**EXERCISE DATA:**
[Start of Attachment]
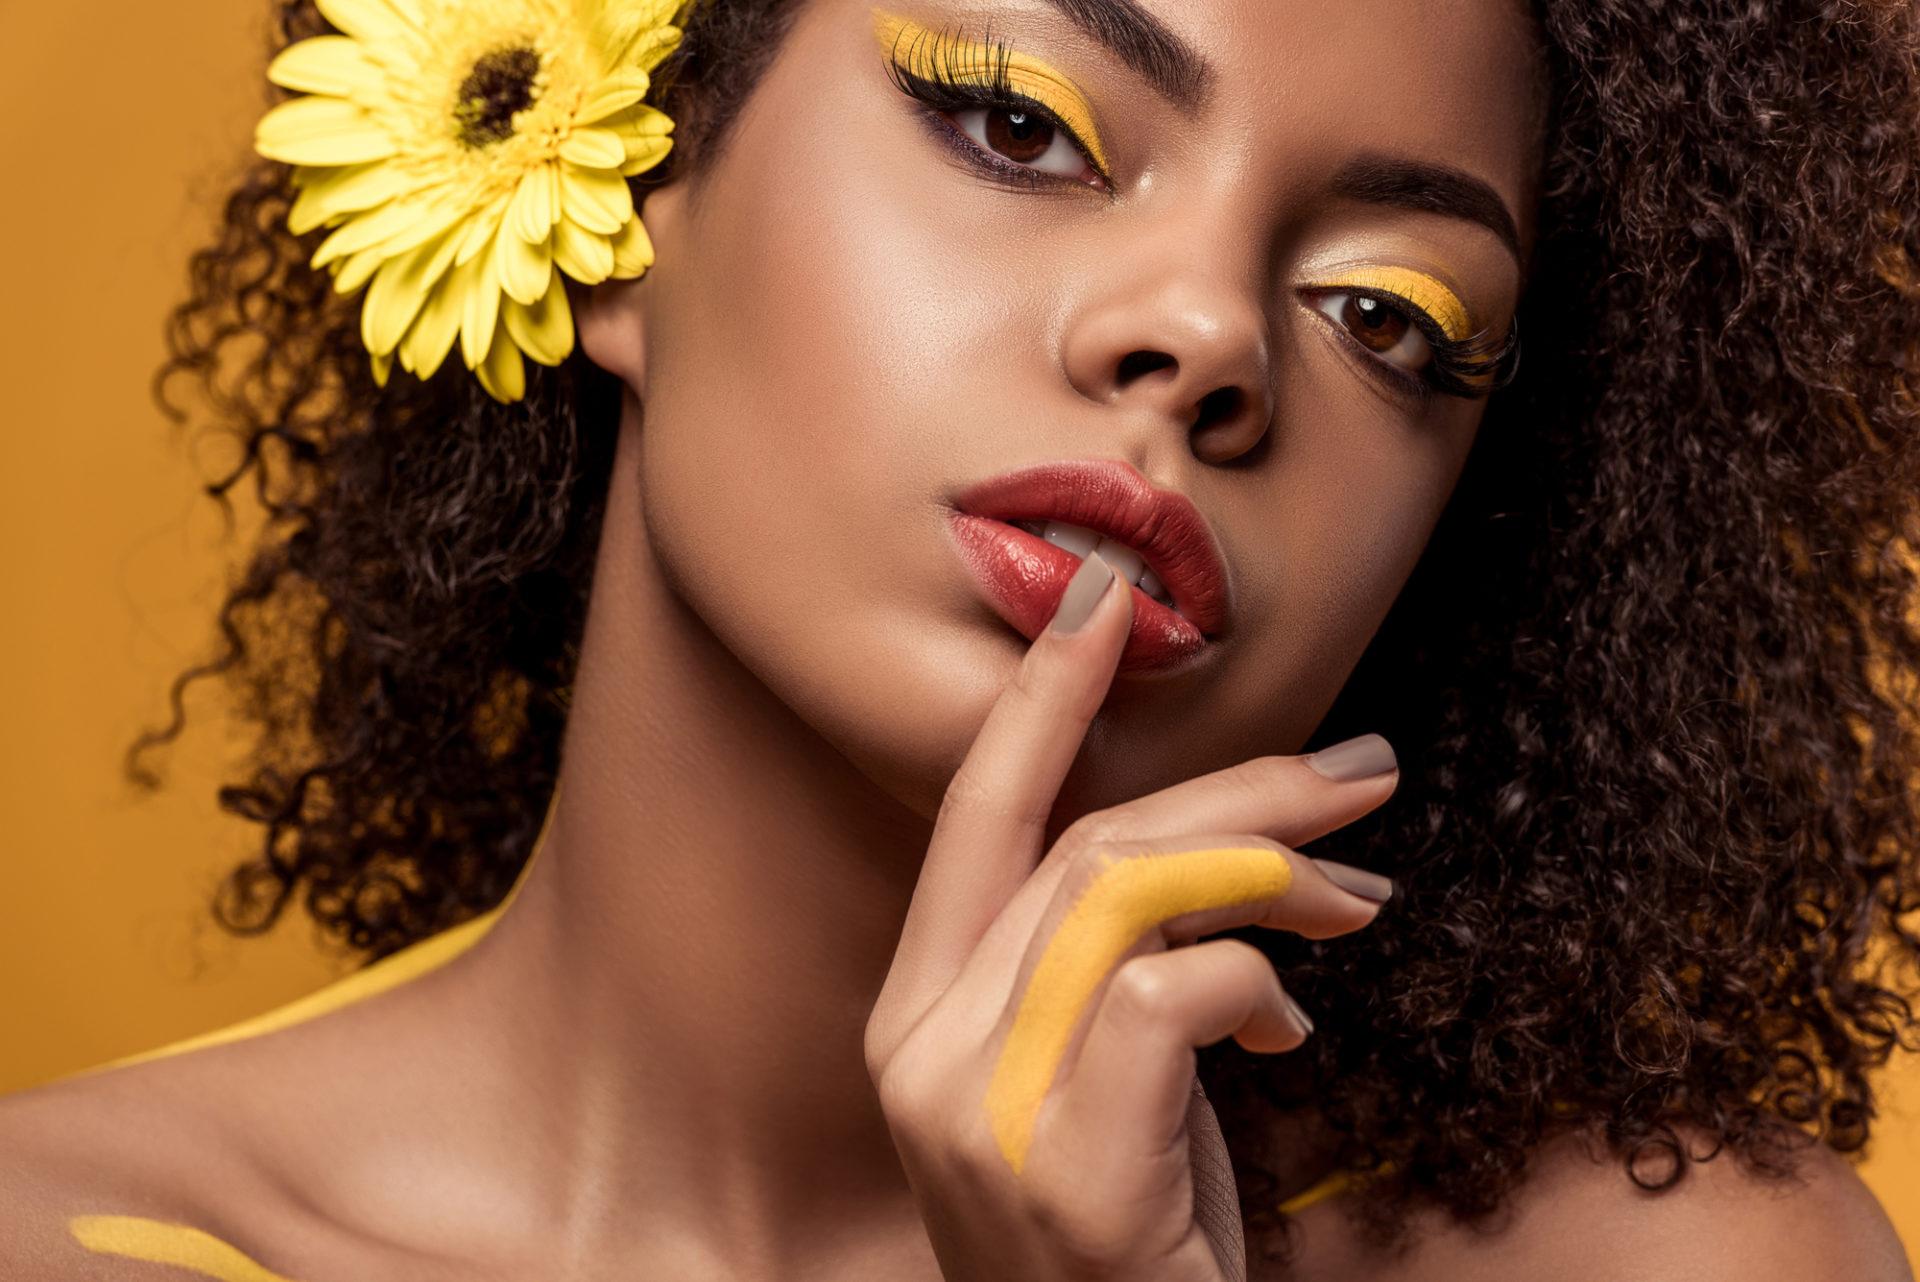 How To Build A Stellar Makeup Portfolio
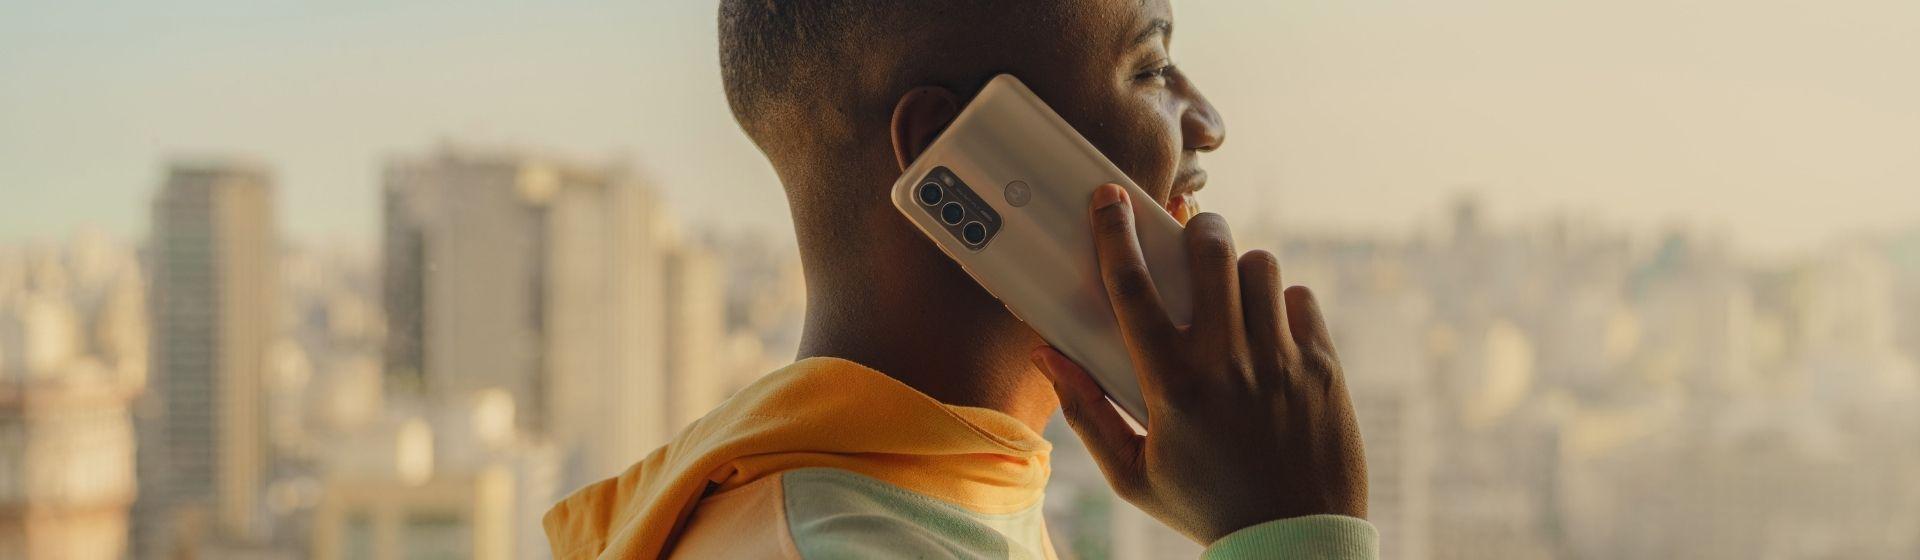 Moto G60: Motorola lança celular intermediário com câmera de 108 MP
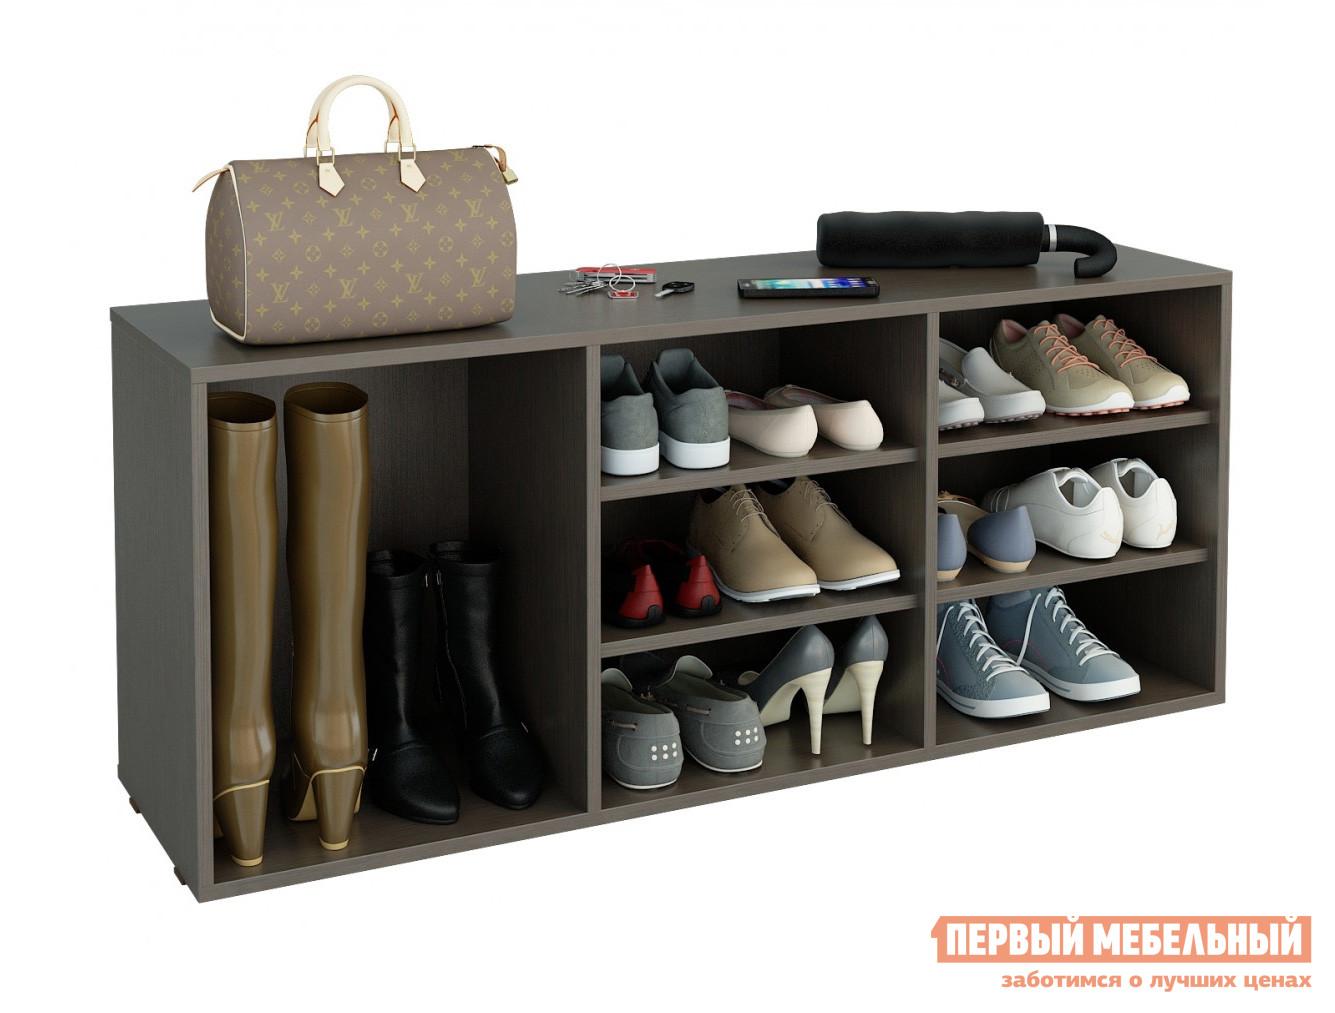 Обувница МФ Мастер Лана-3 ПОЛ-3 (1С+2П) ВенгеОбувницы<br>Габаритные размеры ВхШхГ 532x1262x352 мм. Вместительная обувница с тремя отделениями станет прекрасным дополнением любой прихожей.  В ней  поместится до двенадцати пар невысокой обуви и две пары сапог с высоким голенищем. Большой выбор цветовых решений позволяет подобрать обувницу под любой интерьер. Изделие выполнено из ЛДСП.<br><br>Цвет: Венге<br>Высота мм: 532<br>Ширина мм: 1262<br>Глубина мм: 352<br>Кол-во упаковок: 1<br>Форма поставки: В разобранном виде<br>Срок гарантии: 2 года<br>Тип: Открытые<br>Материал: ЛДСП<br>Размер: Широкие<br>Глубина: Глубокие<br>Стиль: Классический
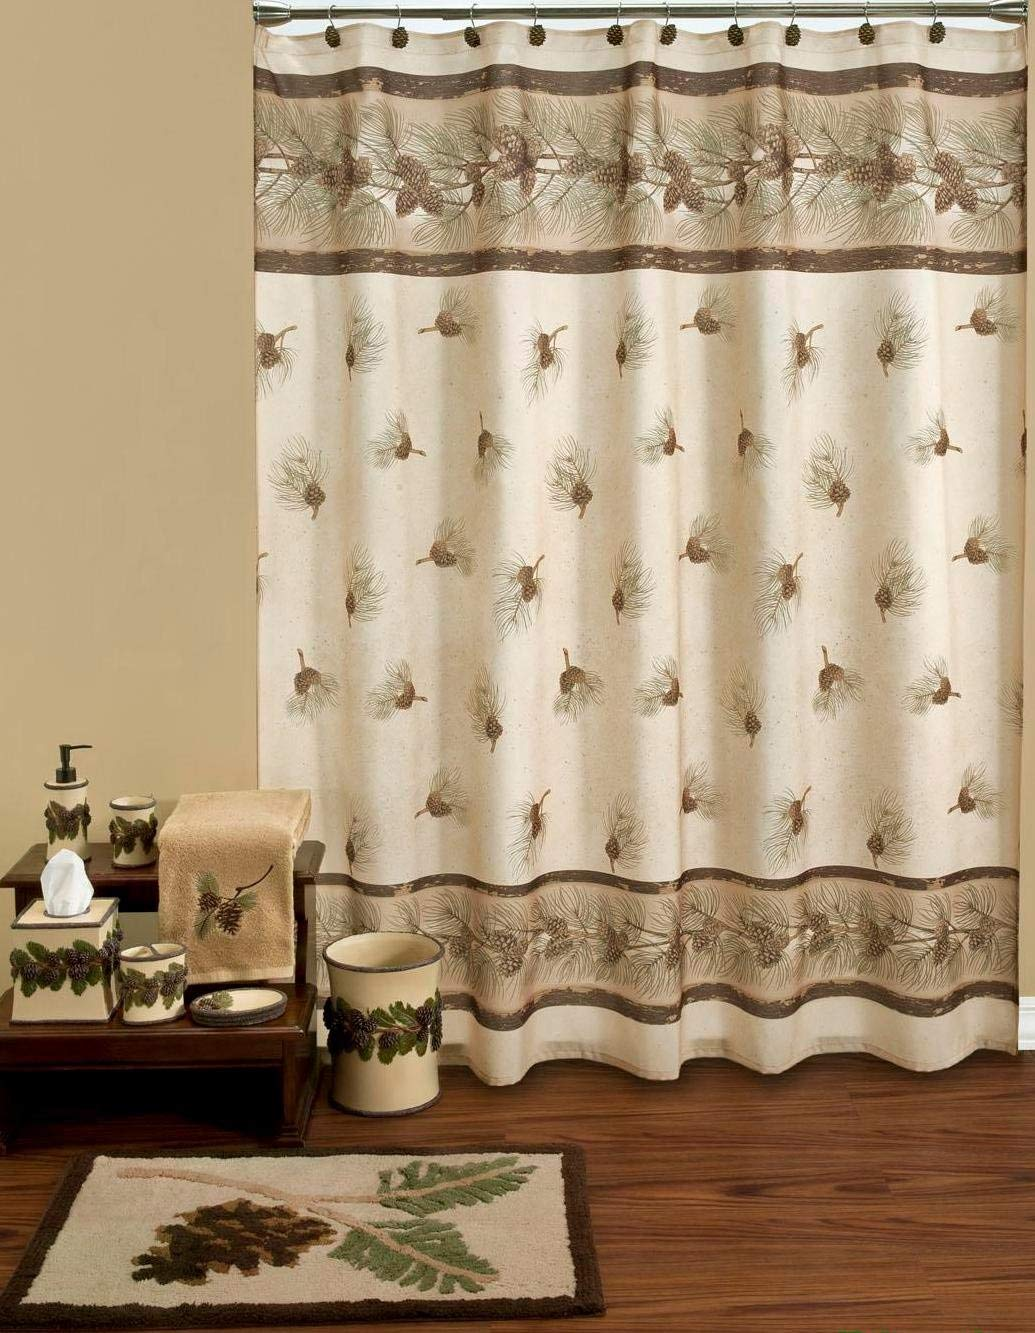 pinehaven resin pinecones shower curtain hooks
[End of Attachment]
**TASK TO COMPLETE:**
Everything from the first line of the listing above through the line that contains "Moto G60: Motorola" is to be restated word for word, minus the pictures.

**ANSWER SECTION:**
 How To Build A Stellar Makeup Portfolio
 Moto G60: Motorola lança celular intermediário com câmera de 108 MP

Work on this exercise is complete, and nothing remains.